BEGIN Entries supplied

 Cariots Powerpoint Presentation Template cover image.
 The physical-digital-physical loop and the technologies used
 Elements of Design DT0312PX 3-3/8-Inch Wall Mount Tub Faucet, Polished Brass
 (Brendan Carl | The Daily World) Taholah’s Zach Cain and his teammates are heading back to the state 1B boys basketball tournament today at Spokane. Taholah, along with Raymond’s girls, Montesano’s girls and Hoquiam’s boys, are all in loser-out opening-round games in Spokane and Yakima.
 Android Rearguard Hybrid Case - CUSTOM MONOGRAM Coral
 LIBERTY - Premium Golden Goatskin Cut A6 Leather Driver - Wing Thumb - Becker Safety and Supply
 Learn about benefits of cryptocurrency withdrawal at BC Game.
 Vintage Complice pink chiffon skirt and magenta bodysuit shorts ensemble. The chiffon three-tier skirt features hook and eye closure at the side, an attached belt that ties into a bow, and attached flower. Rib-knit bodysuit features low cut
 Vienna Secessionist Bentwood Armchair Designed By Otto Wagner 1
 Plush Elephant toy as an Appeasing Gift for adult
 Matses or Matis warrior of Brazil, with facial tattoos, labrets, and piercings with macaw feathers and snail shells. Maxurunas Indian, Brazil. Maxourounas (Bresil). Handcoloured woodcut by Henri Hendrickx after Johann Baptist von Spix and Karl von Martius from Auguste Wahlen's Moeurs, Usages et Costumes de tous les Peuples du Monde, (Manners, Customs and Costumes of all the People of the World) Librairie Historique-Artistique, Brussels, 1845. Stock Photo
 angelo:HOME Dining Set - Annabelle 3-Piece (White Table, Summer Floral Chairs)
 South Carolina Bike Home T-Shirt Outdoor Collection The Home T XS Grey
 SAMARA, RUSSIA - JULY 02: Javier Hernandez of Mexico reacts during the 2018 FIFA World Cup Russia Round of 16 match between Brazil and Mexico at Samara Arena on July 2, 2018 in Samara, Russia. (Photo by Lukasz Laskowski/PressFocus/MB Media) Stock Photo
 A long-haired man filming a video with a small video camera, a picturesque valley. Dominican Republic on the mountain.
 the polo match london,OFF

END Entries supplied

**How to complete this task:** Quote in full each line from the top of the records above through the line with "Vienna Secessionist Bentwood"; stop after that line.

**Solution to this exercise:**
 Cariots Powerpoint Presentation Template cover image.
 The physical-digital-physical loop and the technologies used
 Elements of Design DT0312PX 3-3/8-Inch Wall Mount Tub Faucet, Polished Brass
 (Brendan Carl | The Daily World) Taholah’s Zach Cain and his teammates are heading back to the state 1B boys basketball tournament today at Spokane. Taholah, along with Raymond’s girls, Montesano’s girls and Hoquiam’s boys, are all in loser-out opening-round games in Spokane and Yakima.
 Android Rearguard Hybrid Case - CUSTOM MONOGRAM Coral
 LIBERTY - Premium Golden Goatskin Cut A6 Leather Driver - Wing Thumb - Becker Safety and Supply
 Learn about benefits of cryptocurrency withdrawal at BC Game.
 Vintage Complice pink chiffon skirt and magenta bodysuit shorts ensemble. The chiffon three-tier skirt features hook and eye closure at the side, an attached belt that ties into a bow, and attached flower. Rib-knit bodysuit features low cut
 Vienna Secessionist Bentwood Armchair Designed By Otto Wagner 1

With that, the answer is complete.